Exercise data
⁂

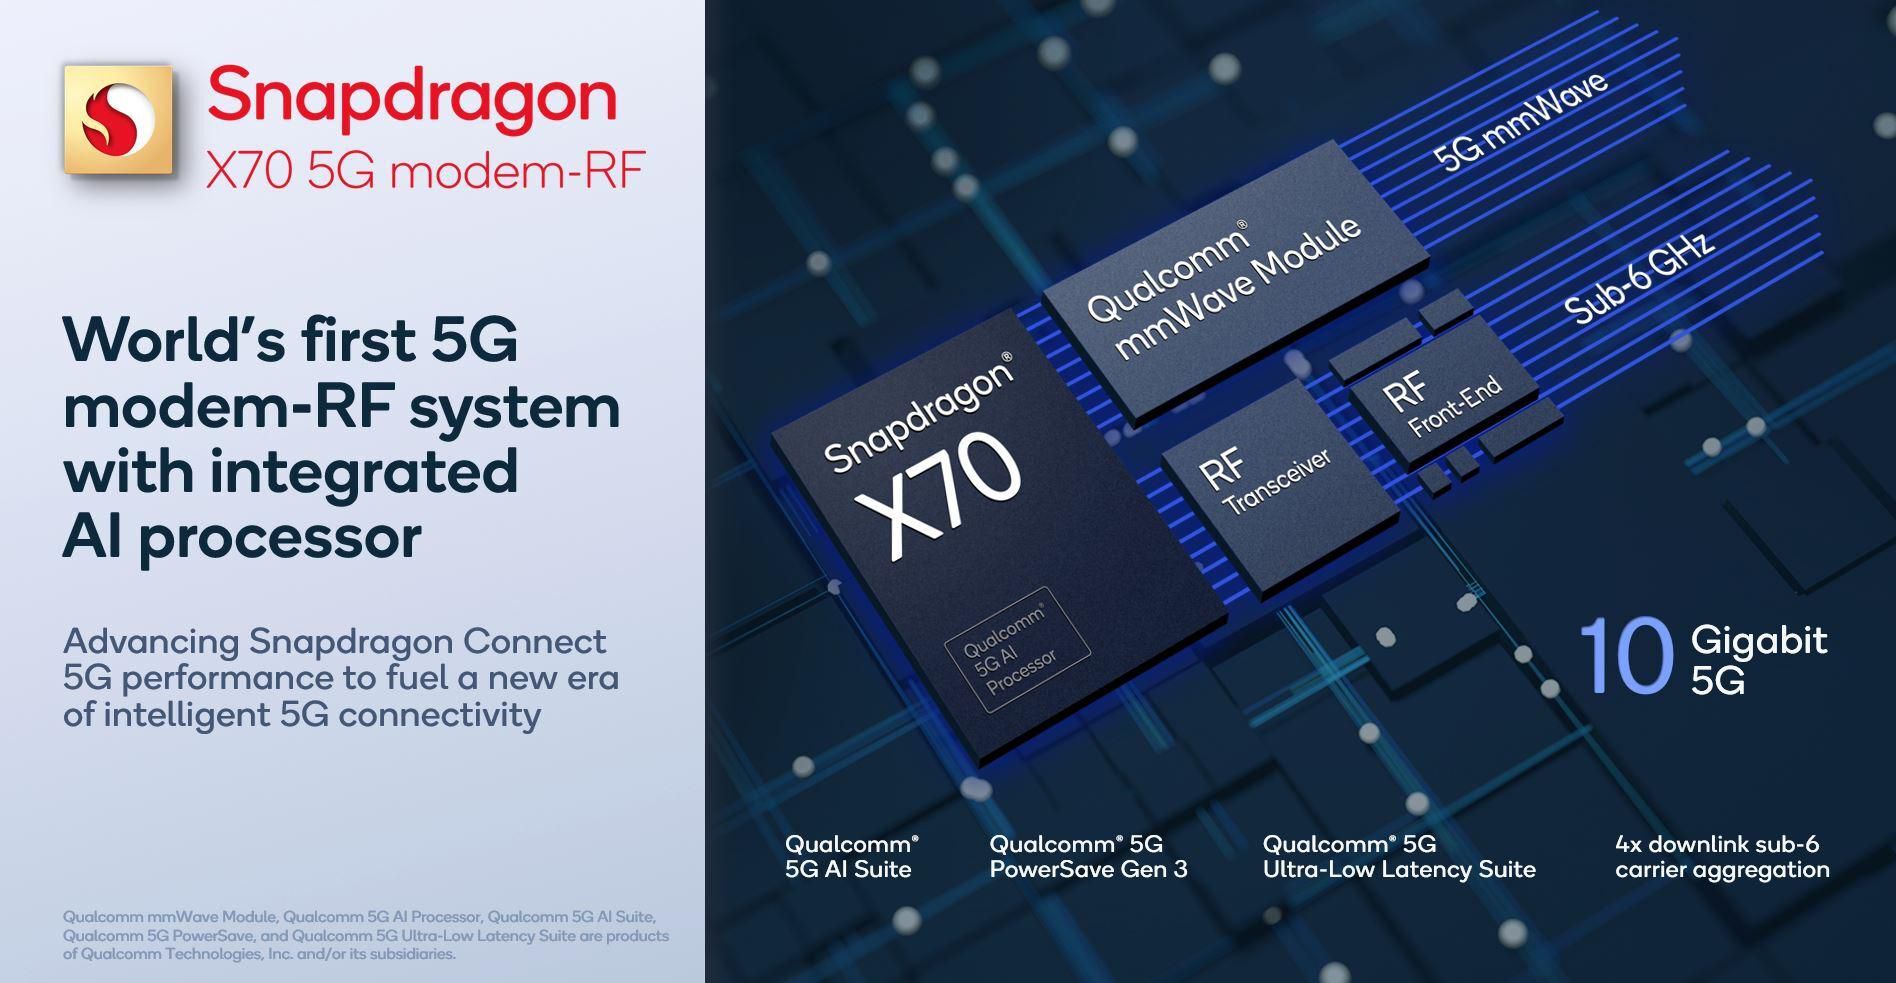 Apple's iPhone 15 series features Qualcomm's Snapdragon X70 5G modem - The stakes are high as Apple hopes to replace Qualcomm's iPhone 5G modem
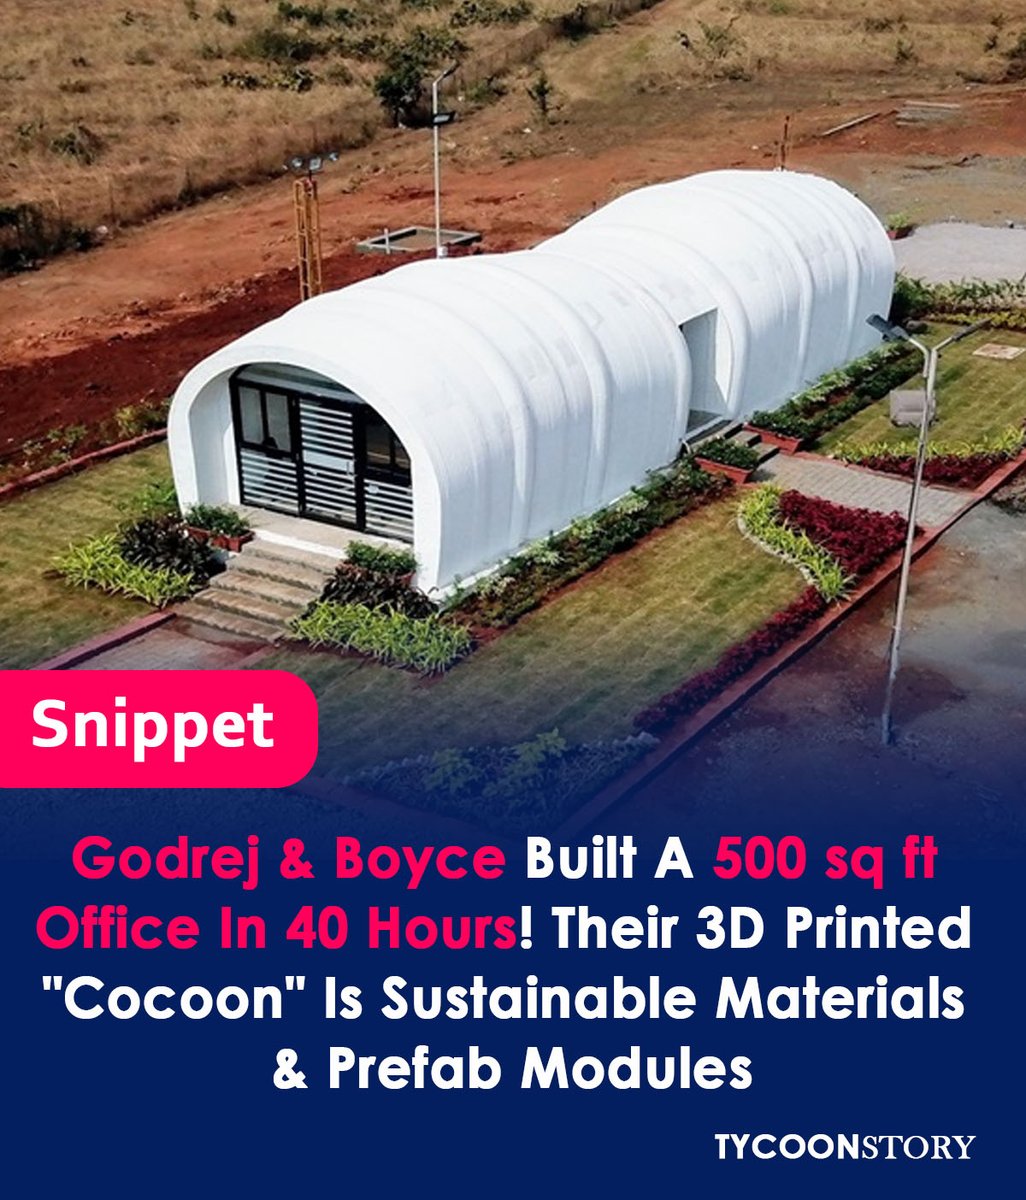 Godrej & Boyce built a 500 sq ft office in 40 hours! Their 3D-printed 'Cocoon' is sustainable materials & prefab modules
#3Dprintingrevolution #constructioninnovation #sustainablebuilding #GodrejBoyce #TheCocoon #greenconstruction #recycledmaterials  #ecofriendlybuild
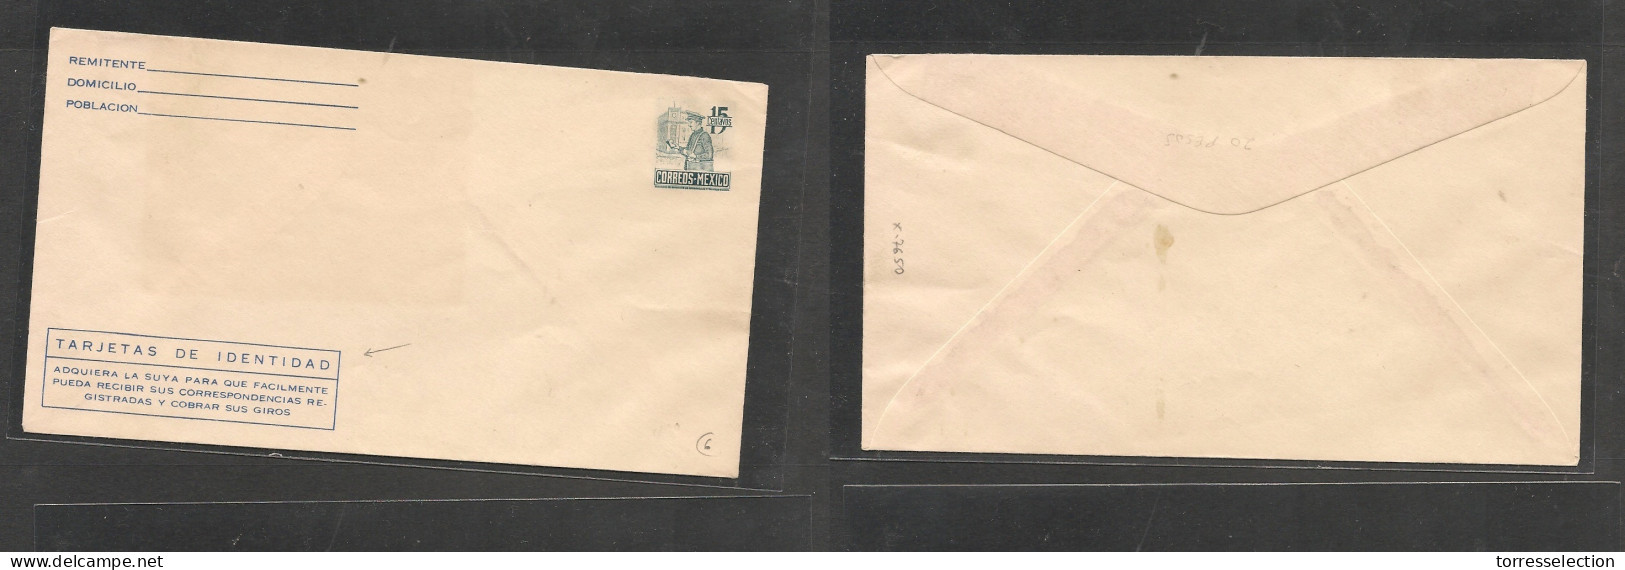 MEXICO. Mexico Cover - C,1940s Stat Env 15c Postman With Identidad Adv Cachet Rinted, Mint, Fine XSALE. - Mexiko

⁂

Nothing but the pictures should be left out when the listing is repeated exactly.

 Apple's iPhone 15 series features Qualcomm's Snapdragon X70 5G modem - The stakes are high as Apple hopes to replace Qualcomm's iPhone 5G modem
 Godrej & Boyce built a 500 sq ft office in 40 hours! Their 3D-printed 'Cocoon' is sustainable materials & prefab modules
#3Dprintingrevolution #constructioninnovation #sustainablebuilding #GodrejBoyce #TheCocoon #greenconstruction #recycledmaterials  #ecofriendlybuild
 MEXICO. Mexico Cover - C,1940s Stat Env 15c Postman With Identidad Adv Cachet Rinted, Mint, Fine XSALE. - Mexiko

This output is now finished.